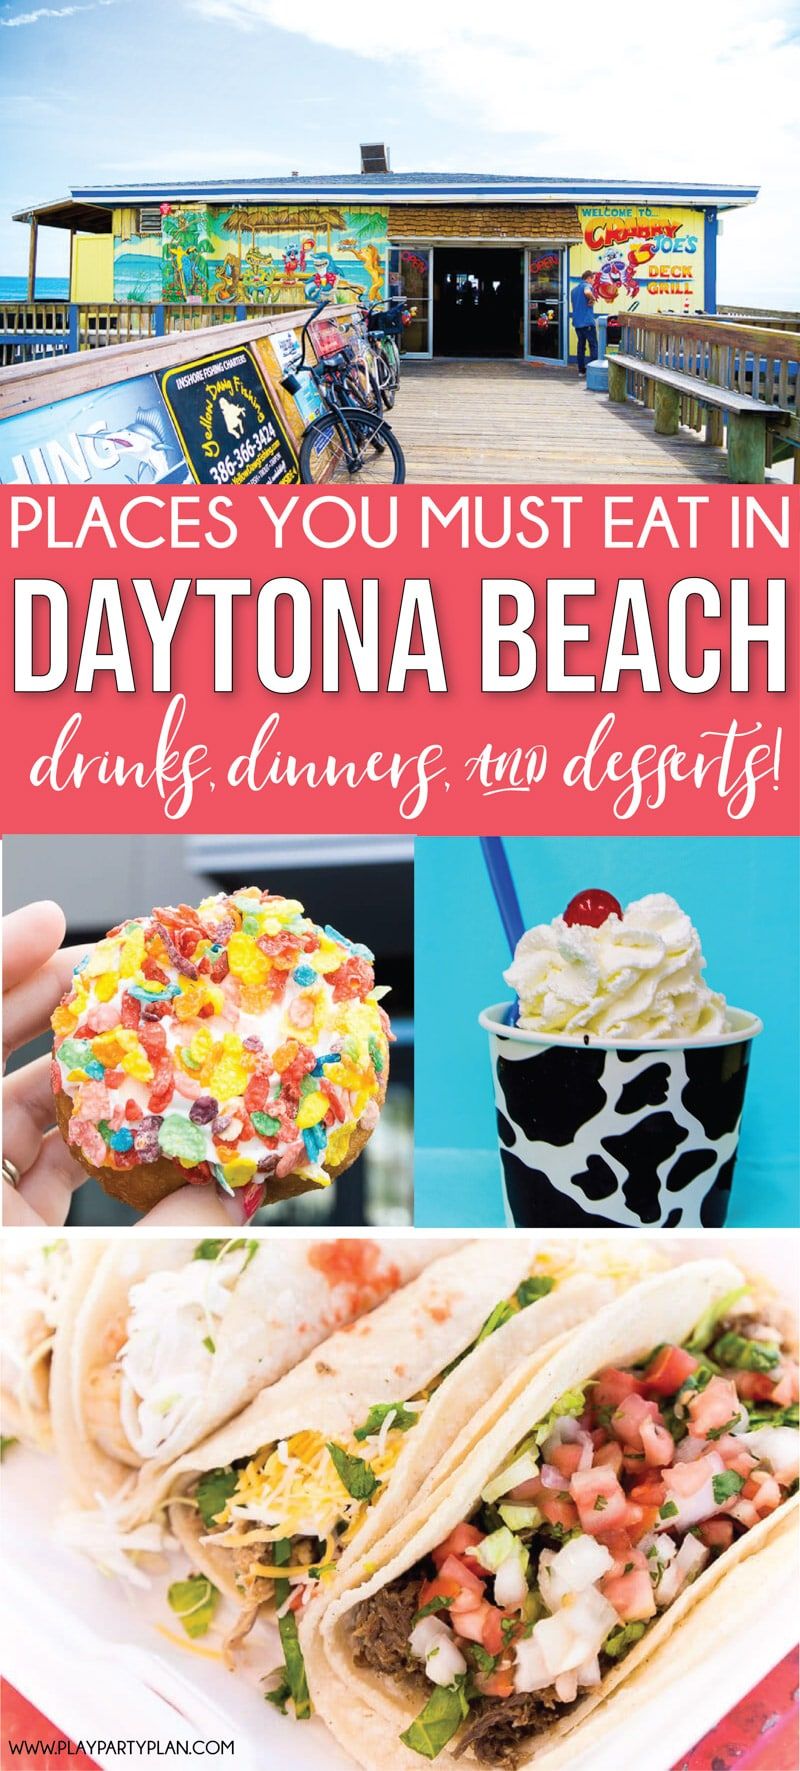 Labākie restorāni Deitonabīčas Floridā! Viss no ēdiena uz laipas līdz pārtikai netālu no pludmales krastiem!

────────────────

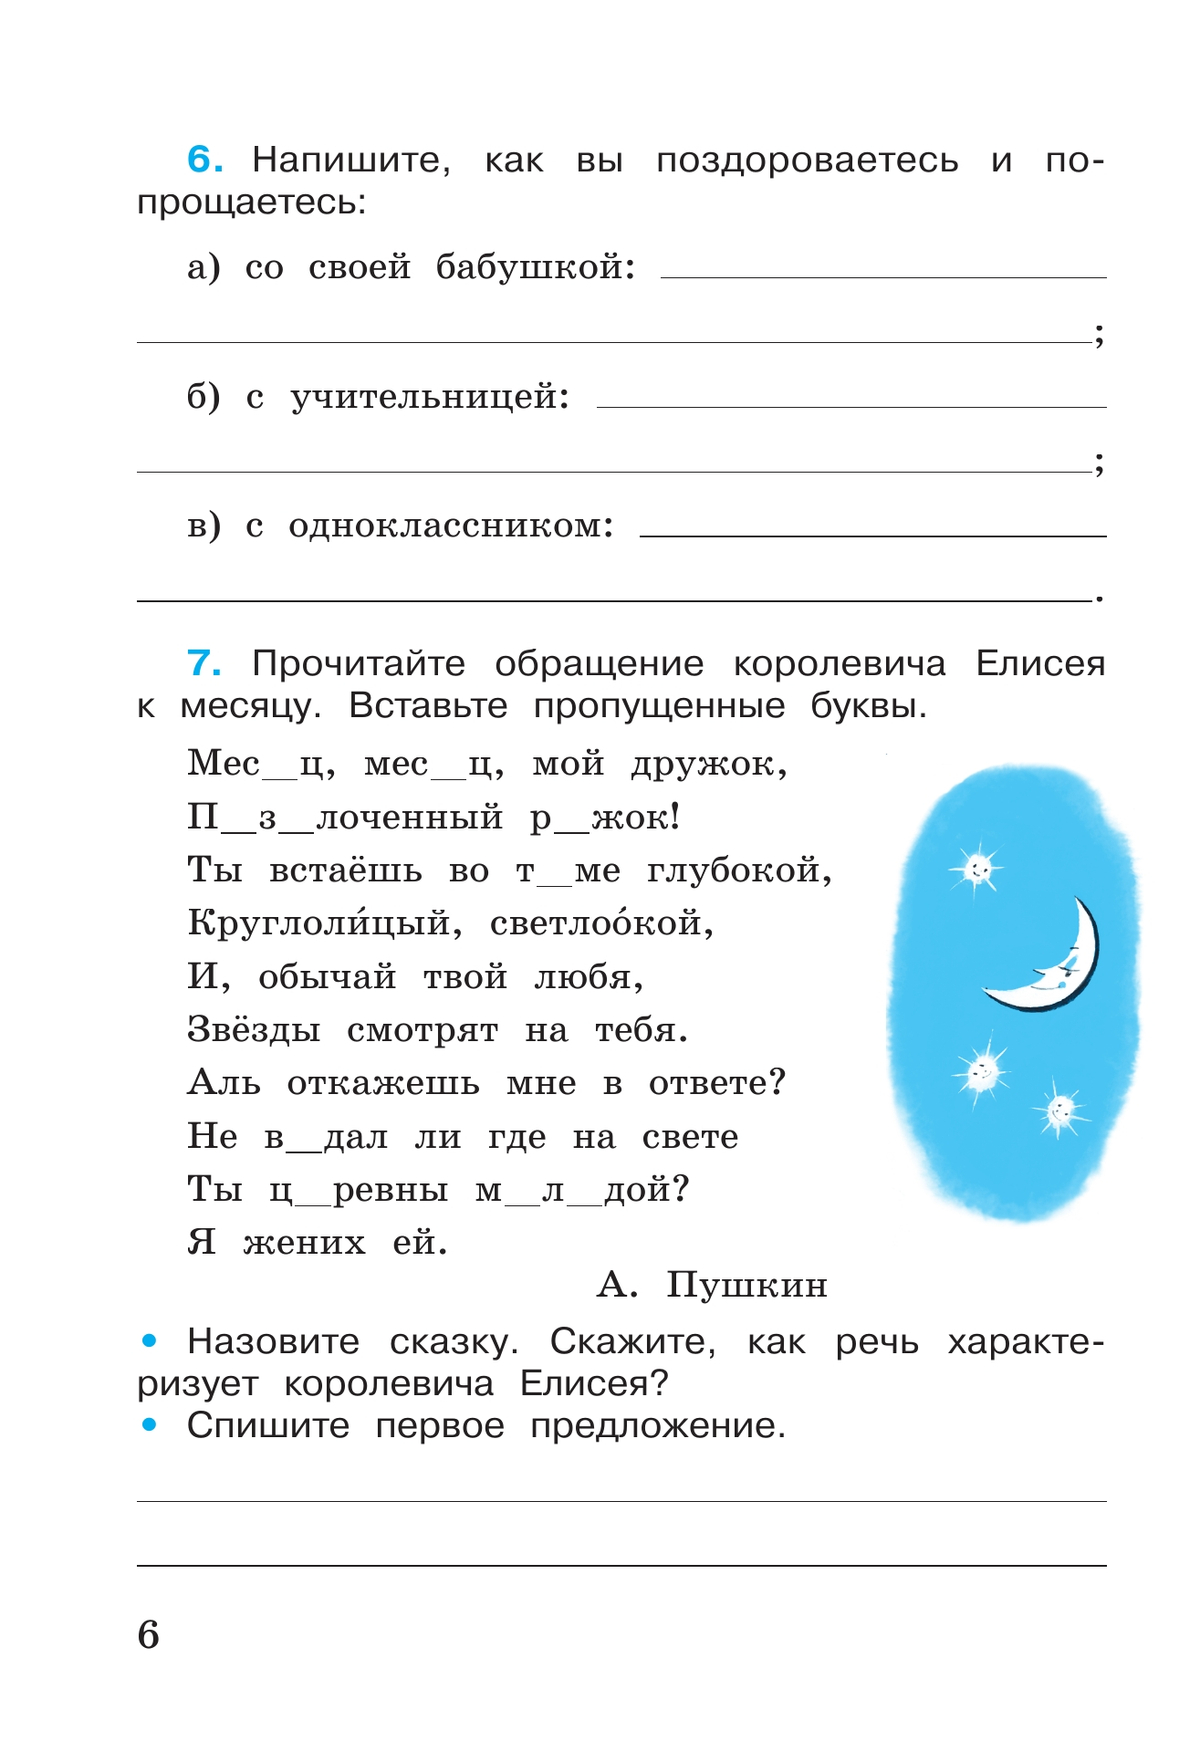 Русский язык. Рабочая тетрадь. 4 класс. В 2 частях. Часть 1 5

────────────────

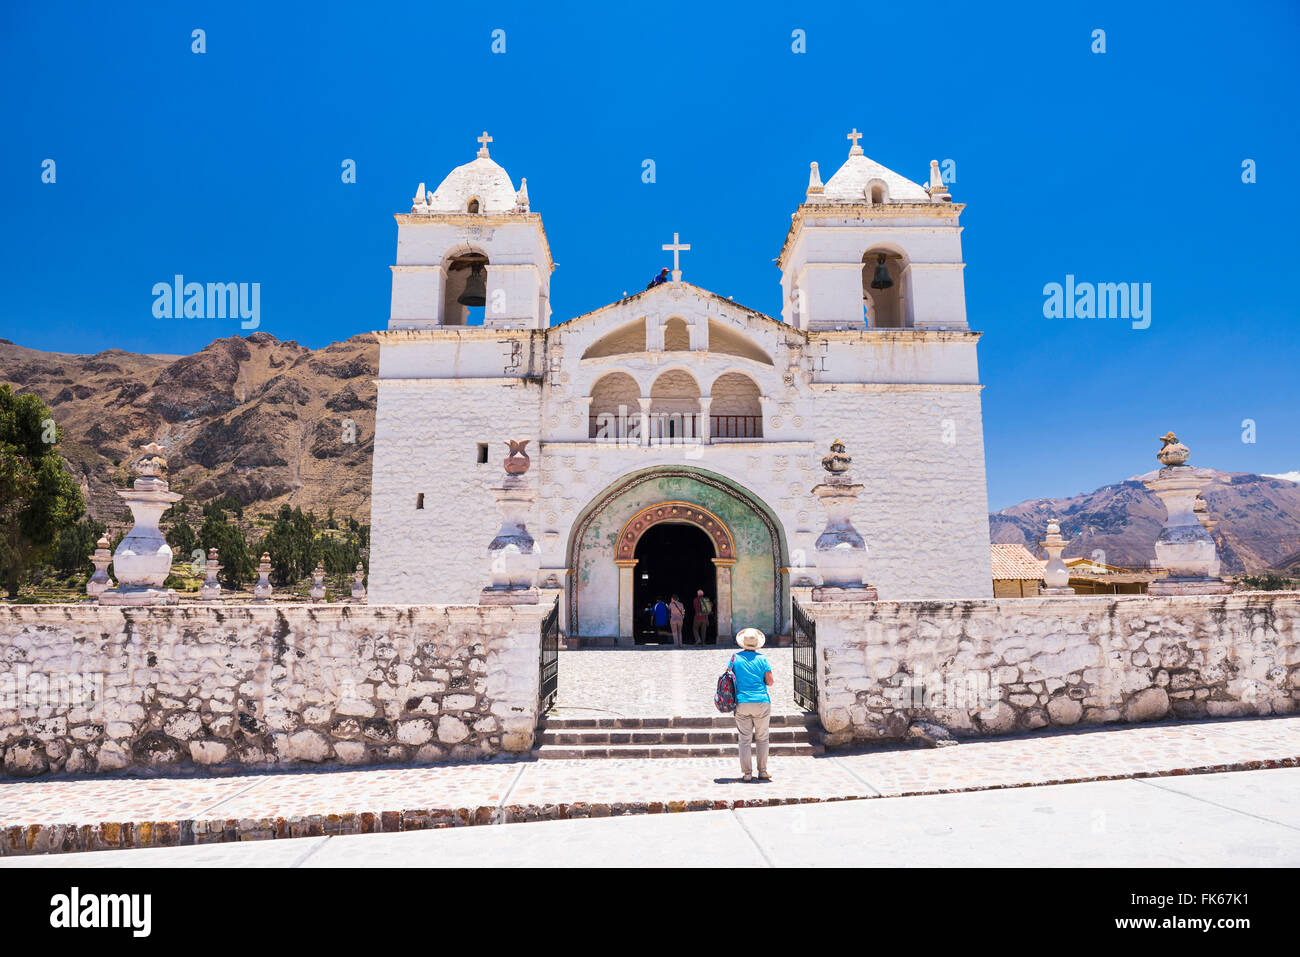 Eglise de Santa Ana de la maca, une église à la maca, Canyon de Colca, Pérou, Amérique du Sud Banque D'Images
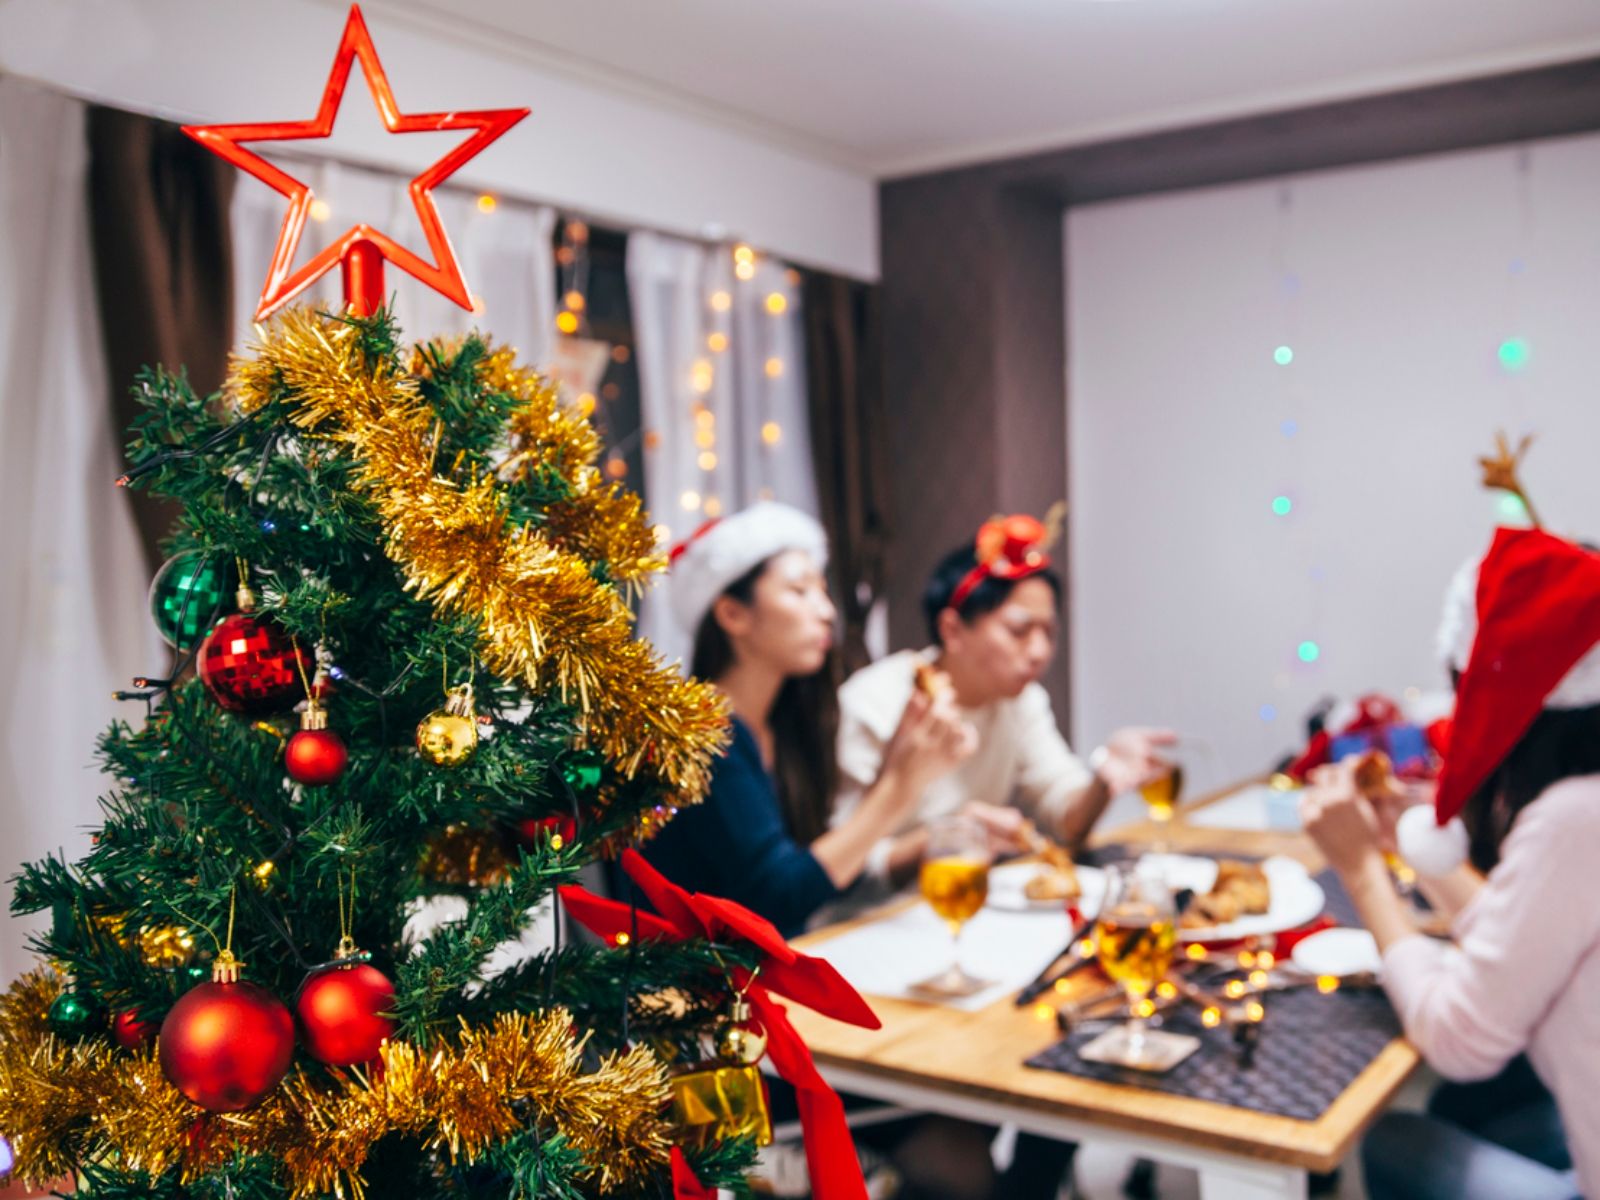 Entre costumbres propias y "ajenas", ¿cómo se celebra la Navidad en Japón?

────────────────

Reproduce the data above exactly, but only from the line containing "Eglise de Santa" through the line containing "Entre costumbres propias"; skip the pictures.

 Eglise de Santa Ana de la maca, une église à la maca, Canyon de Colca, Pérou, Amérique du Sud Banque D'Images
 Entre costumbres propias y "ajenas", ¿cómo se celebra la Navidad en Japón?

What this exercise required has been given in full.